Imagine you’re driving through a blizzard and you cross the centre line and crash and I am killed, or one of the kids. And imagine that for the rest of your life, they make you walk around with the wreck of the car fused to you so you can hardly fit through doors and everyone stares at you and everyone knows and for the rest of your life you ARE that wreck, stuck behind that wheel. You’ll be that damned driver forever. You’ll eat and walk and sleep and do everything until the end of your days surrounded by all this twisted metal, the seat next to you browned with dried-up blood. You know it was the black ice, not you, that did it. But you’re still the driver. You were the one behind the wheel, and you’ll never forget it.

He nods silently.

+++++++

I made peace with the absence of Liam long ago, but have not yet made peace with this body. It’s some kind of muscle memory, something instinctual and ancient, this shroud.

Peter Ustinov said love is an act of endless forgiveness, a tender look which becomes a habit and Voltaire said no snowflake in an avalanche ever feels responsible.

We’ve all been buried by a force of nature, by undeniable randomness.

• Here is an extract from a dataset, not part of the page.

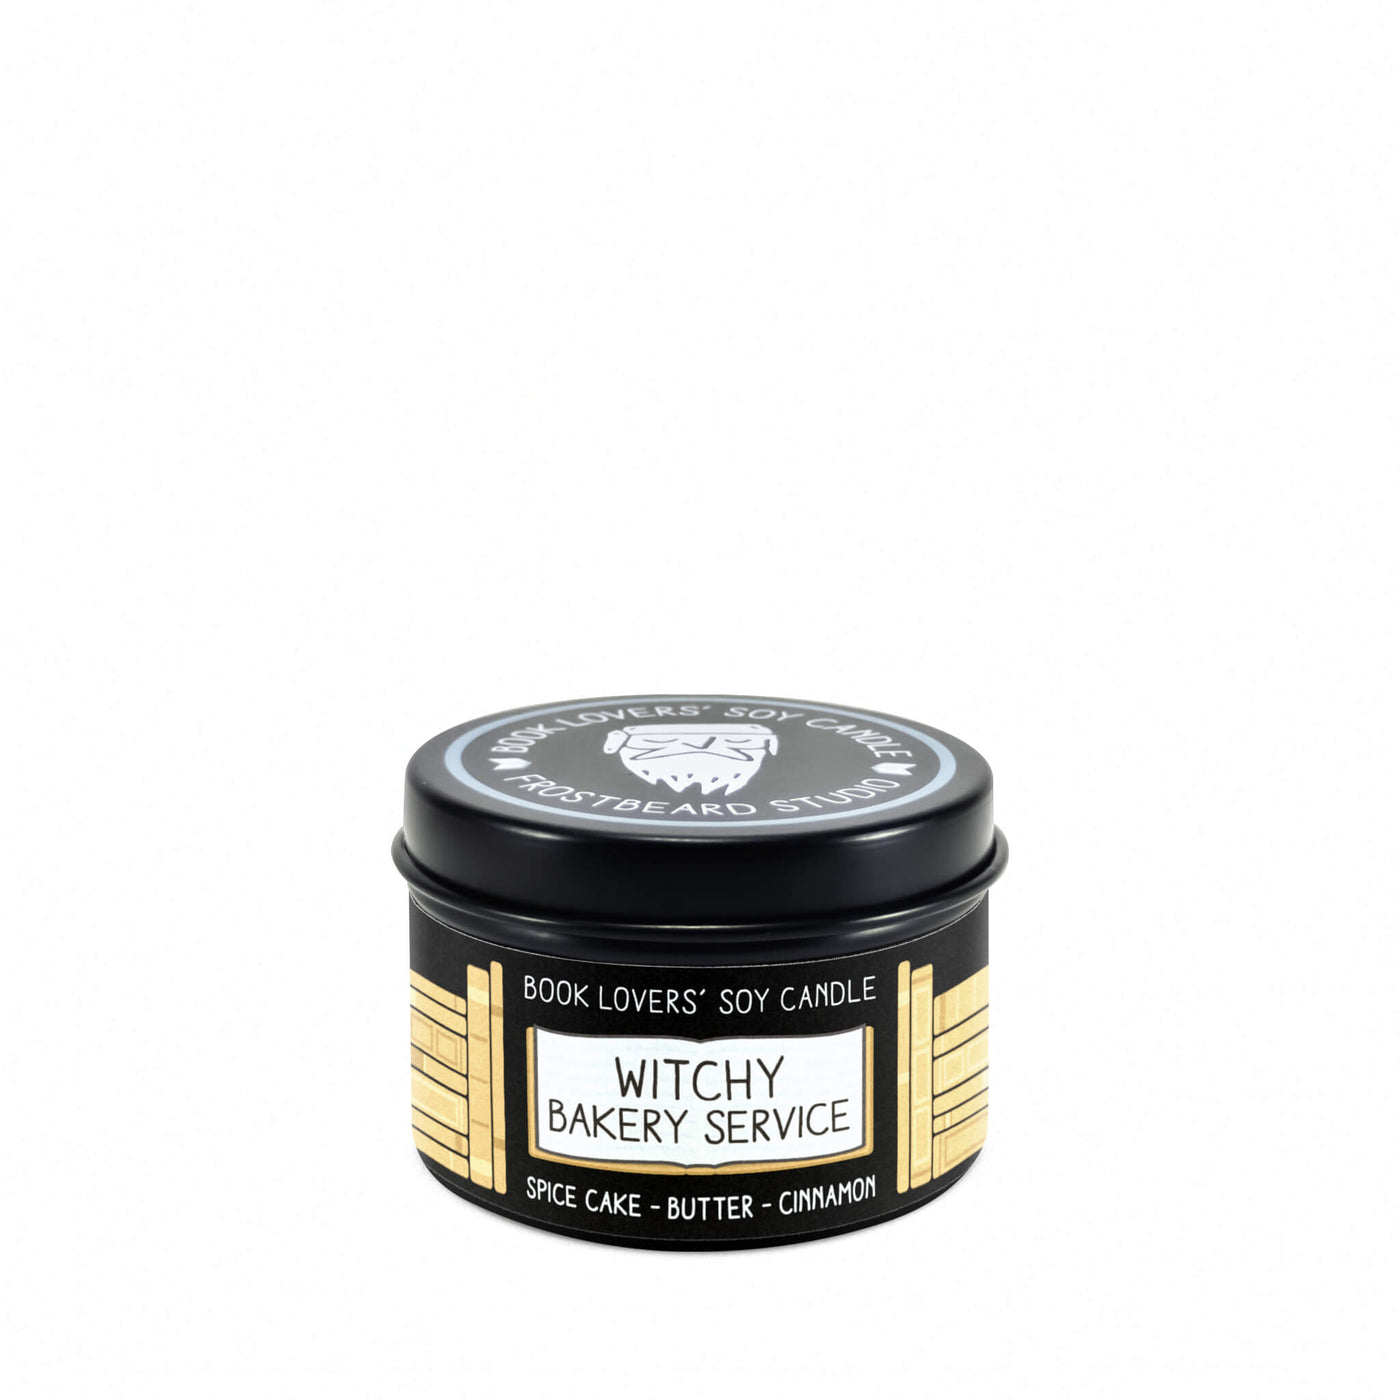 Witchy Bakery Service  -  2 oz Tin  -  Book Lovers' Soy Candle  -  Frostbeard Studio

What lends strength to the rescuing shovel is the dogged practice of not only admitting to the randomness but believing it as our heart’s truth.

Because I'm getting the sense that it's not just a matter of time. It's an act of defiance, a matter of robbing the blackness to take back what belongs to us.

Have you shed your wreck, or are you still behind the wheel? What keeps you where you are, and how does that manifest itself in your everyday life?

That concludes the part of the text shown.